Required work | Would you return the listing that follows exactly, leaving its pictures behind?

++++ Data provided

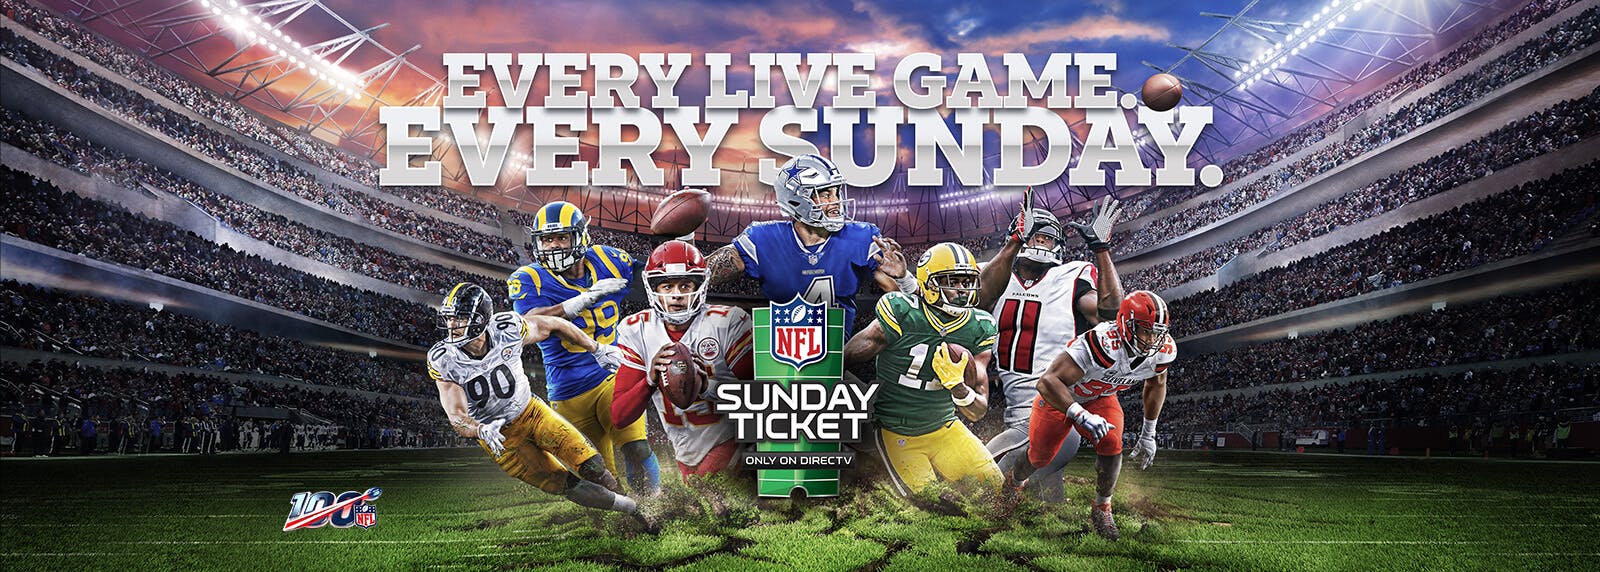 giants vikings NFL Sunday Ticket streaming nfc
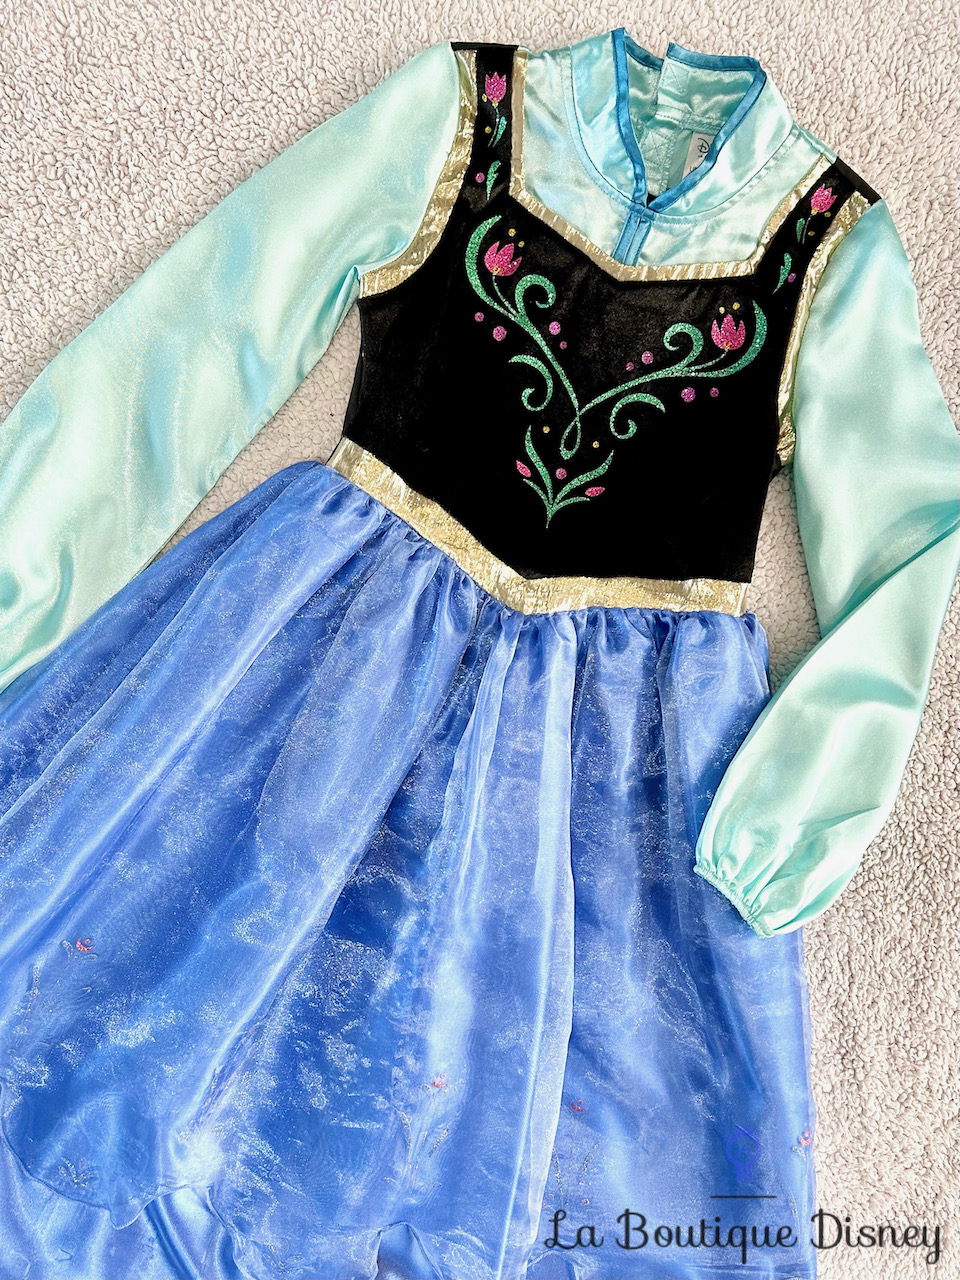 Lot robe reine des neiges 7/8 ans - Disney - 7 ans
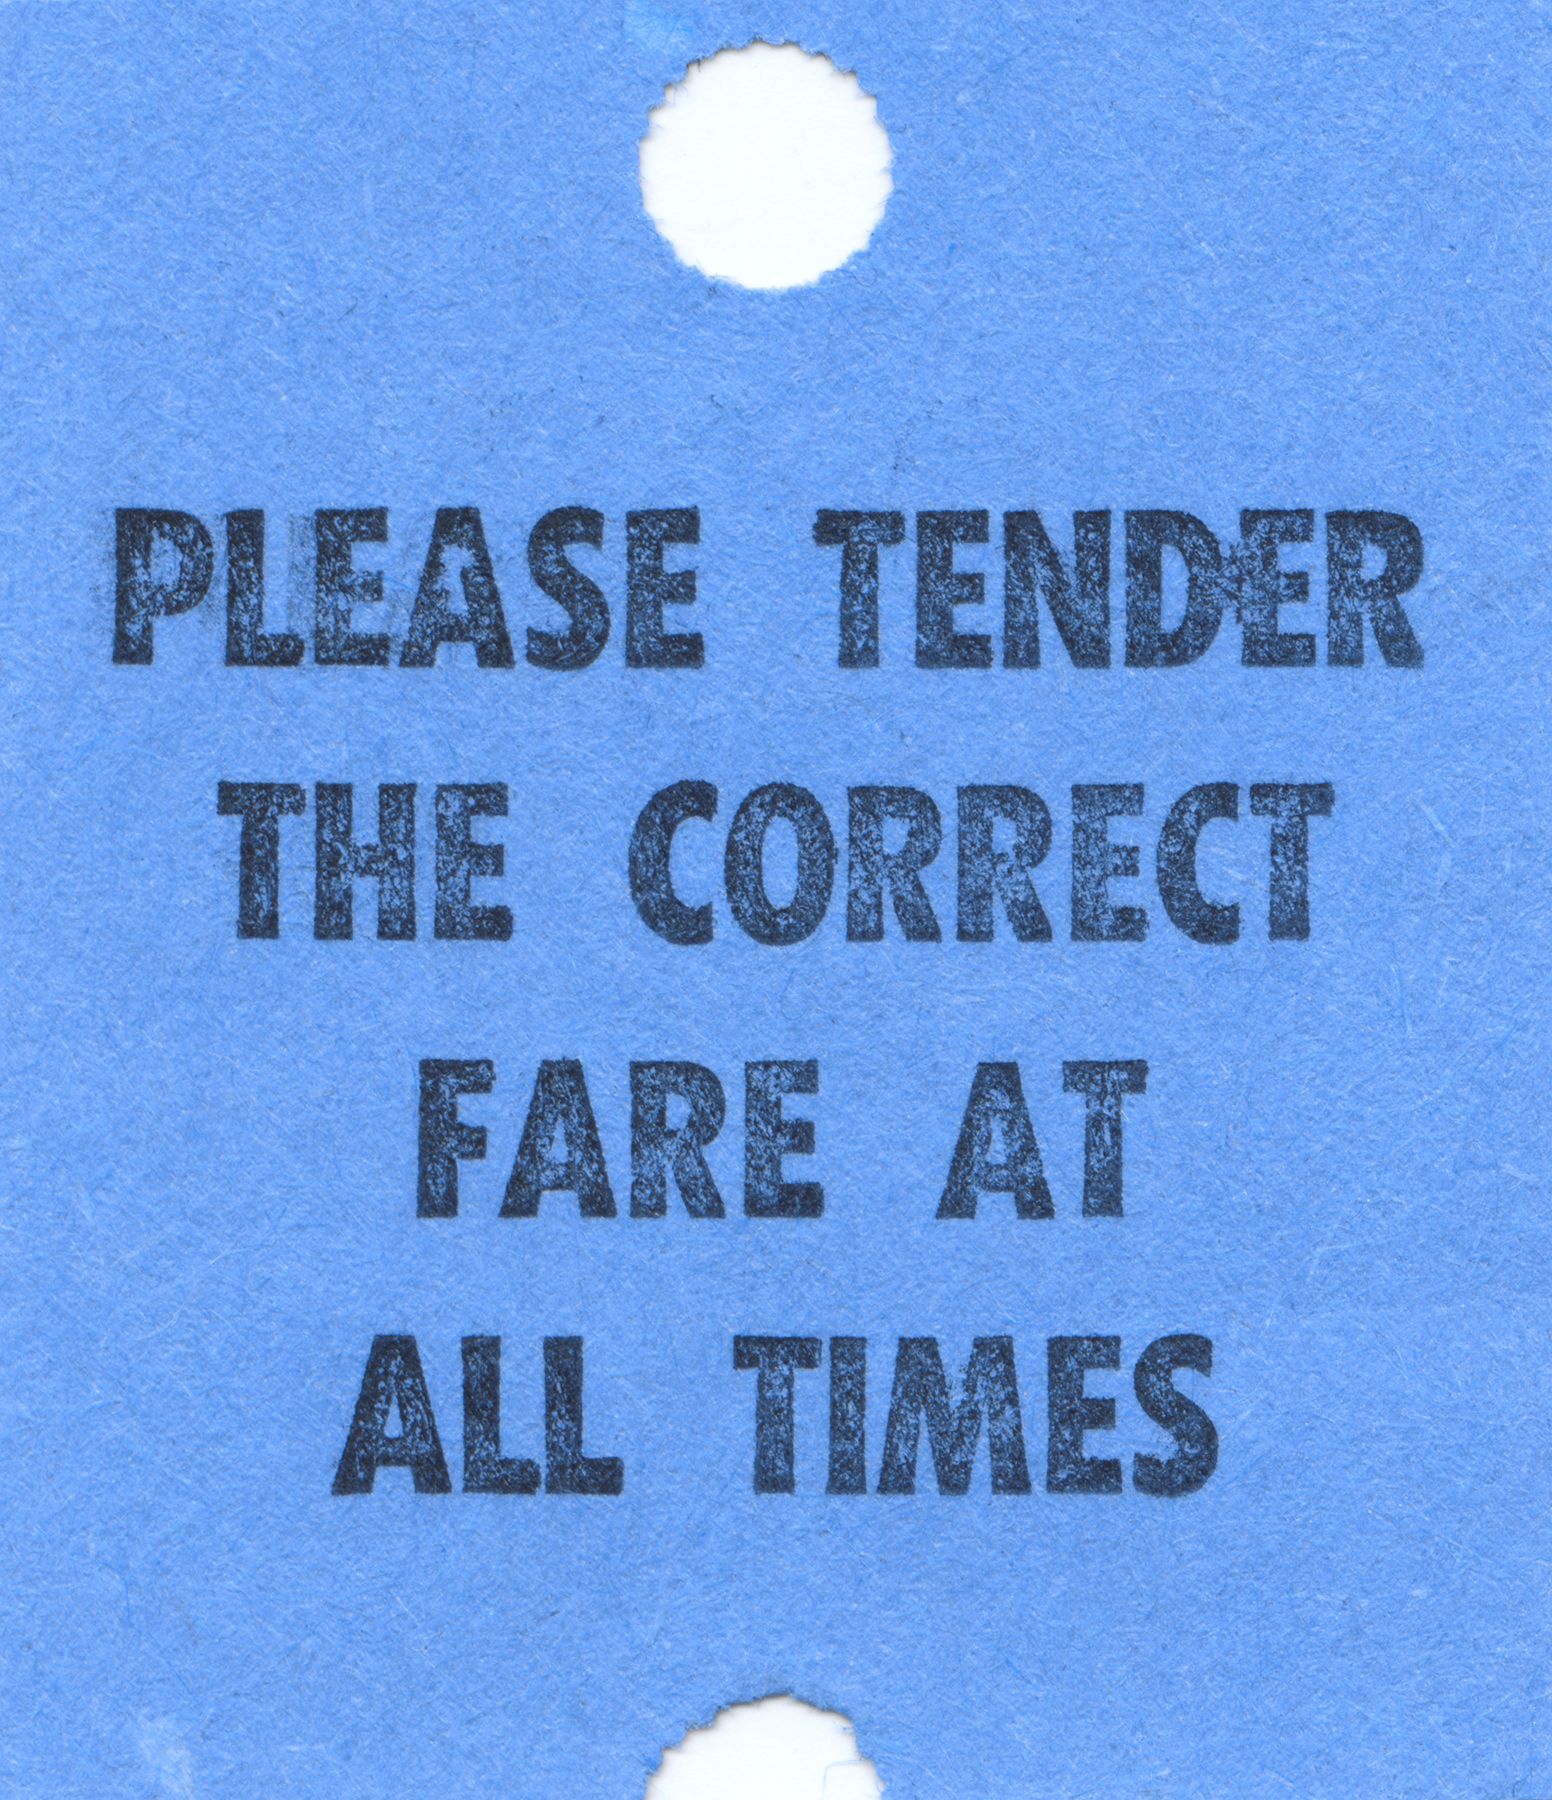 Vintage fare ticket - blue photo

++++++++

Result |
 giants vikings NFL Sunday Ticket streaming nfc
 Lot robe reine des neiges 7/8 ans - Disney - 7 ans
 Vintage fare ticket - blue photo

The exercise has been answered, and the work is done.